Lafayette, CO (from release) - Sporian Microsystems Inc., a pioneer in high-temperature packaging technology, has won a contract from the Department of Energy (DOE) to develop a universal high temperature packaging platform.
Sporian will make use of its experience with polymer-derived ceramics from which it has created sensors for high temperature and harsh environmental applications. The ceramic material shows promise in its fabrication viability and for performing in high temperature, harsh environments such as those associated with energy generation applications.
The company is creating a packaging platform for existing and developmental high temperature sensors that will allow the sensing device to survive and perform for prolonged periods of time in an application environment which generally includes temperatures above 1000° C, elevated pressure, and an assortment of chemicals. Sporian will work to create a universal packaging platform to accommodate a wide variety of potential and existing sensor designs.
"The difficulty today is that researchers are developing sensors that push the envelope in terms of temperature and harsh environment capability. However they are limited in ways to bring that sensor from the laboratory to real world applications.

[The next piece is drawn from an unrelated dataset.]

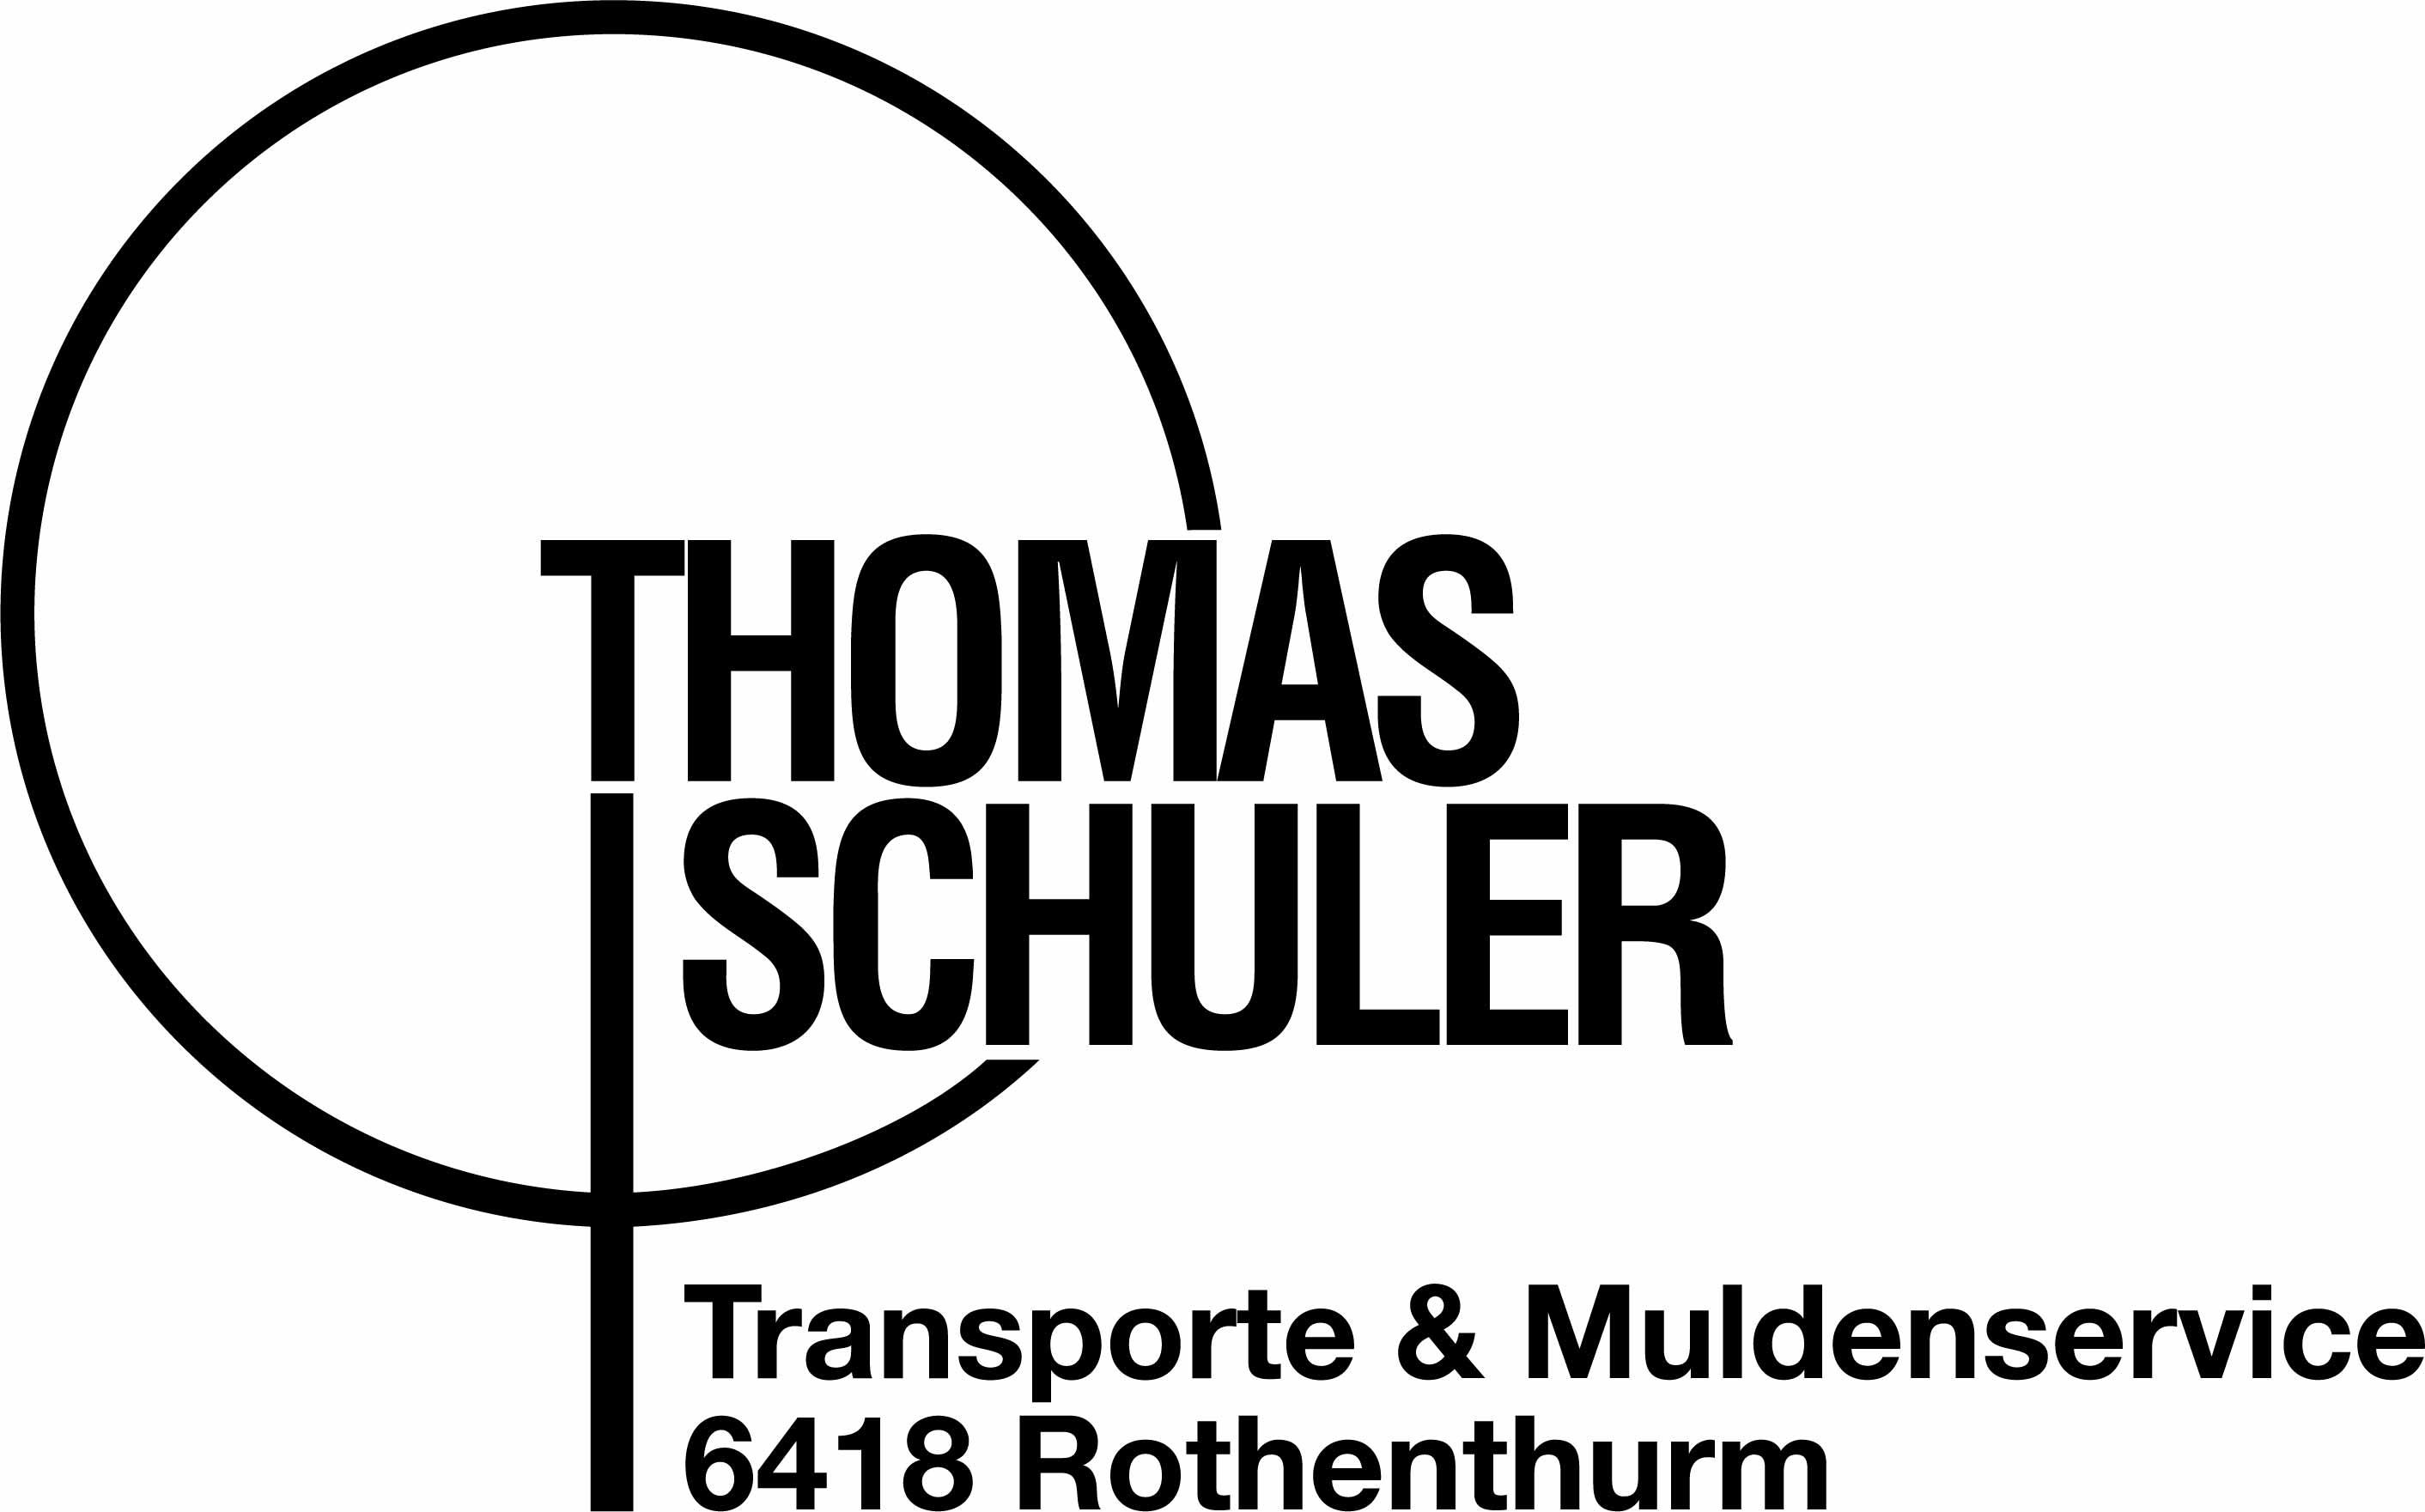 Thomas Schuler Transport

A packaging platform that would accommodate a large audience of high temperature sensor developers is exactly what will bring technology from the lab to real world applications, stated Wedge Zhang, Vice President of R&D at Sporian.
Sporian is working with a variety of high temperature and energy generation research groups to establish the most universal packaging approach. Organizations including the University of Utah and the Propulsion Instrumentation Working Group (PIWG) are providing feedback. The major proportion of future MEMS and sensor applications requires the operation in harsh environments, such as high temperature and aggressive gas and fluid media. With high temperature applications constituting a major part of these future markets, suitable packaging solutions become the key bottleneck for success, says Prof. Florian Solzbacher, Director of the Microsystems Laboratory at the University of Utah.